Frequently asked questions

When does a single agent with many tools outperform a supervisor?

Below roughly 6–8 tools, with a well-written system prompt and clear tool descriptions, a single agent is usually simpler, cheaper, and just as accurate — the supervisor pattern adds an extra LLM call per query for the routing decision. The multi-agent win kicks in around 10+ tools, or whenever tools cluster into clearly-different domains (research, math, writing, code, retrieval). If your tools are all variants of 'query one of five databases', a single agent is fine; if they span modalities, specialists start to pay off.

How does the router node actually classify?

In the lab it's a small LLM call with a classification-style prompt — 'Given the user's query, return exactly one of {researcher, calculator, writer}' — parsed and written to state['next_agent']. That's cheap and flexible but stochastic; for latency-critical paths you can replace it with a keyword classifier, a small fine-tuned model, or even a regex-based pre-filter that only falls through to the LLM for ambiguous queries. The conditional edge after the router reads state['next_agent'] and dispatches to the right specialist node, so swapping the classifier is a one-node change.

What does the shared state object look like in LangGraph?

A TypedDict with the fields every node needs to read or update — typically at minimum messages: list[BaseMessage] (appended by every node) and routing fields like next_agent: str. Each node returns a dict of updates and LangGraph merges them according to each field's annotated reducer (add_messages for the messages list, overwrite for scalar fields). The lab keeps the state small and typed on purpose so the graph's control flow stays legible; production systems often carry user id, thread id, and per-specialist scratchpads in the same state object.
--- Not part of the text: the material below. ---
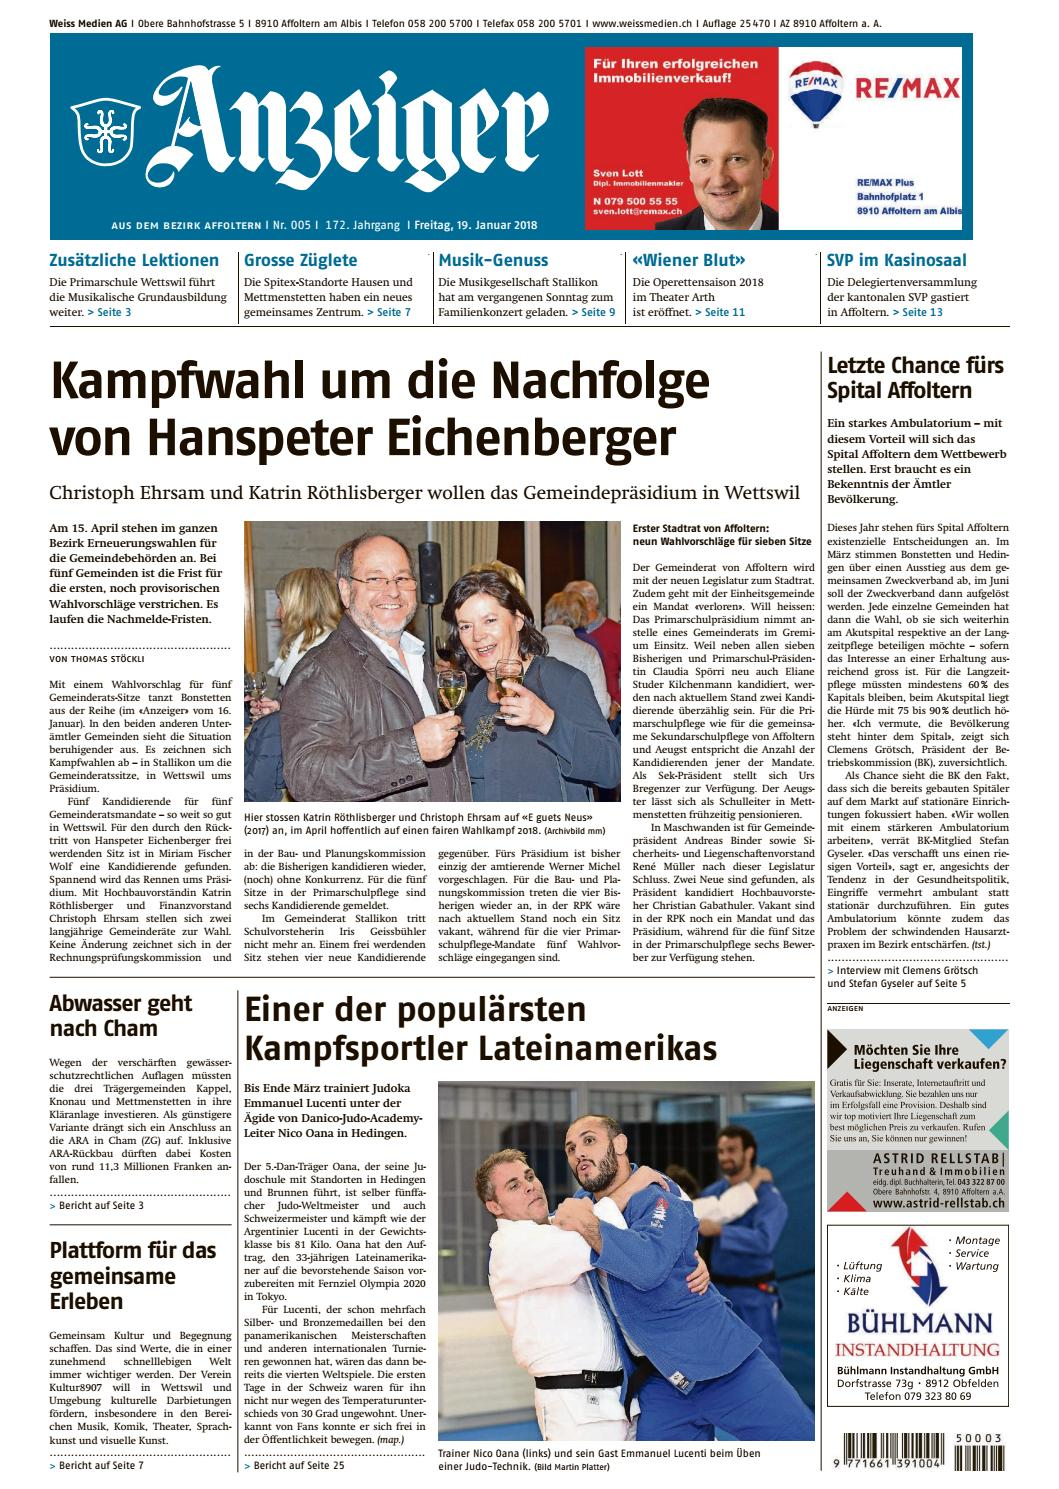 rechtes zrichseeufer - bei coonhounds.info

Why add a writer as a third specialist instead of letting the researcher also write?

Because 'write a three-paragraph summary' and 'find five facts from the knowledge base' have different success criteria and need different prompts. The researcher is tuned for breadth and recall; the writer is tuned for structure, concision, and style. Mixing them creates a prompt that's mediocre at both. The lab specifically has you add the writer as a third node to make the scaling property concrete — adding a specialist is strictly additive: one new tool, one new agent, one new router label, zero changes to existing nodes.

How do I handle a query that should touch multiple specialists?

Two options. The simple one is have the router emit a sequence of specialists instead of one, and loop: researcher returns facts, writer reads the messages state and drafts the report. The more robust one is a reducer-style graph where each specialist writes into a shared scratchpad and a synthesizer node at the end merges everything. The lab sticks with single-specialist routing to keep the pattern crisp; once you're comfortable, extending to multi-step routing is a small modification to the conditional edge logic and the state shape.

What's the failure mode to watch for in production?

Pathological looping — specialist A returns an answer the router doesn't recognise as final, routes back into specialist B, specialist B produces output that re-routes to A, and so on. LangGraph's recursion limit saves you in principle but the correct fix is to make the END transition explicit in each specialist (the ReAct loop terminates when the LLM returns text without tool calls) and to add a 'max specialist hops' counter to state. The reflection step pushes you toward instrumenting exactly this so you can detect and cap it before it eats your NIM quota.